11.13 Publicity. Neither Party shall use the other Party's or its Affiliates' (and Company shall not use a Service Recipient's) name or mark or refer to the other Party or its Affiliates' (or a Service Recipient in the case of Company) directly or indirectly in any media release, public announcement, or public disclosure relating to this Agreement, including in any promotional or marketing materials, customer lists or business presentations without the prior written consent of the other Party prior to each such use or release. Neither Party shall make any public statements about this Agreement, the Services or its relationship with the other Party without the other Party's prior approval. Notwithstanding the foregoing, (i) either Party may privately indicate to third parties that Company is providing services to the Service Recipients, unless directed not to do so by Client, (ii) Company may use Client as a private reference, unless directed not to do so by Client, and (iii) either Party may make such press releases, public announcements, filings and other public disclosures as may be required by Law, provided that, such Party (1) gives the other Party prior notice of the required or ordered press release, public announcement, filing or public disclosure and (2) incorporates any reasonable amendments requested by the other Party that do not affect compliance with the applicable Law or order.
11.14 Service Marks. Each Party agrees that it shall not, without the other Party's prior consent, use any of the names, service marks or trademarks of the other Party (or a Service Recipient in the case of Company) in any of its advertising or marketing materials, without the prior written consent of the other Party prior to each such use or release.
11.15 Export. The Parties acknowledge that certain Equipment, Software and technical data to be provided hereunder and certain transactions hereunder may be subject to export controls under the laws and regulations of the United States, the European Union, the United Nations and other jurisdictions. No Party shall export or re-export any such items or any direct product thereof or undertake any transaction or service in violation of any such laws or regulations.
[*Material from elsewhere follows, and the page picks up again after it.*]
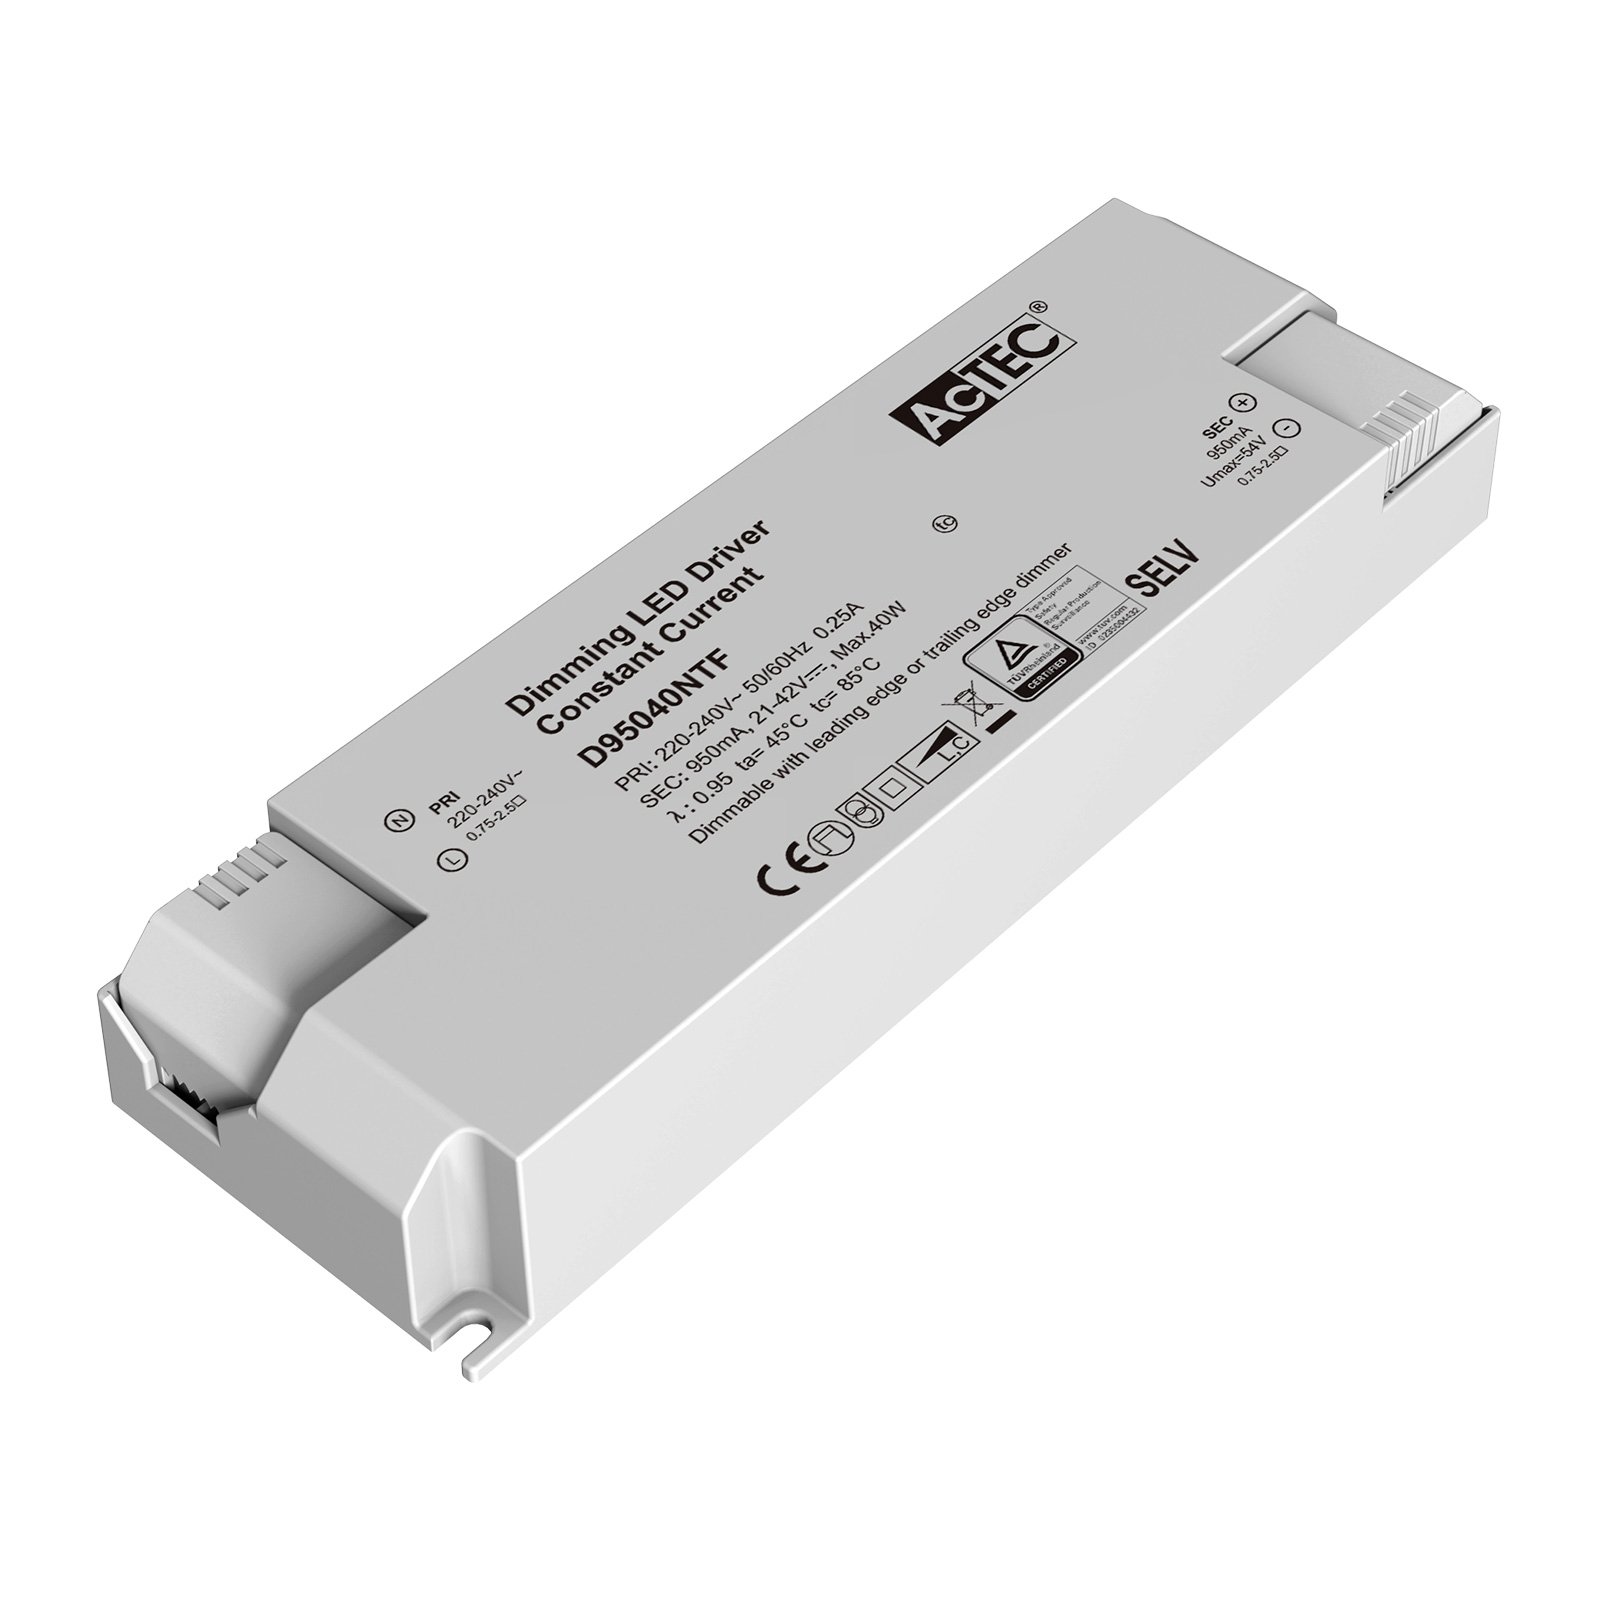 AcTEC Triac driver LED CC max. 40W 950mA

11.16 Third Party Beneficiaries. Except as expressly provided herein, this Agreement is entered into solely between, and may be enforced only by, Client and Company. This Agreement shall not be deemed to create any rights or causes of action in or on behalf of any third parties, including without limitation employees, suppliers and customers of a Party, or to create any obligations of a Party to any such third parties. Service Recipients shall not be a party to this Agreement and may not enforce any obligations or liabilities of Client under this Agreement except through Client.
11.17 Order of Precedence. In the event of a conflict, the main body of this Agreement (including Articles 1 through 16 and Schedule A) shall take precedence over the Schedules and Exhibit attached hereto.
11.18 Further Assurances. Each Party covenants and agrees that, subsequent to the execution and delivery of this Agreement and without any additional consideration, each Party shall execute and deliver any further legal instruments and perform any acts that are or may become necessary to effectuate the purposes of this Agreement.
11.19 Acknowledgment. The Parties each acknowledge that the terms and conditions of this Agreement have been the subject of active and complete negotiations, and that such terms and conditions should not be construed in favor of or against any Party by reason of the extent to which any Party or its professional advisers participated in the preparation of this Agreement.
11.20 Jurisdiction. The enforcement of this agreement shall be governed by and construed in accordance with the laws of the State of Illinois. Venue of any arbitration or litigation arising hereunder shall be DuPage County, Illinois.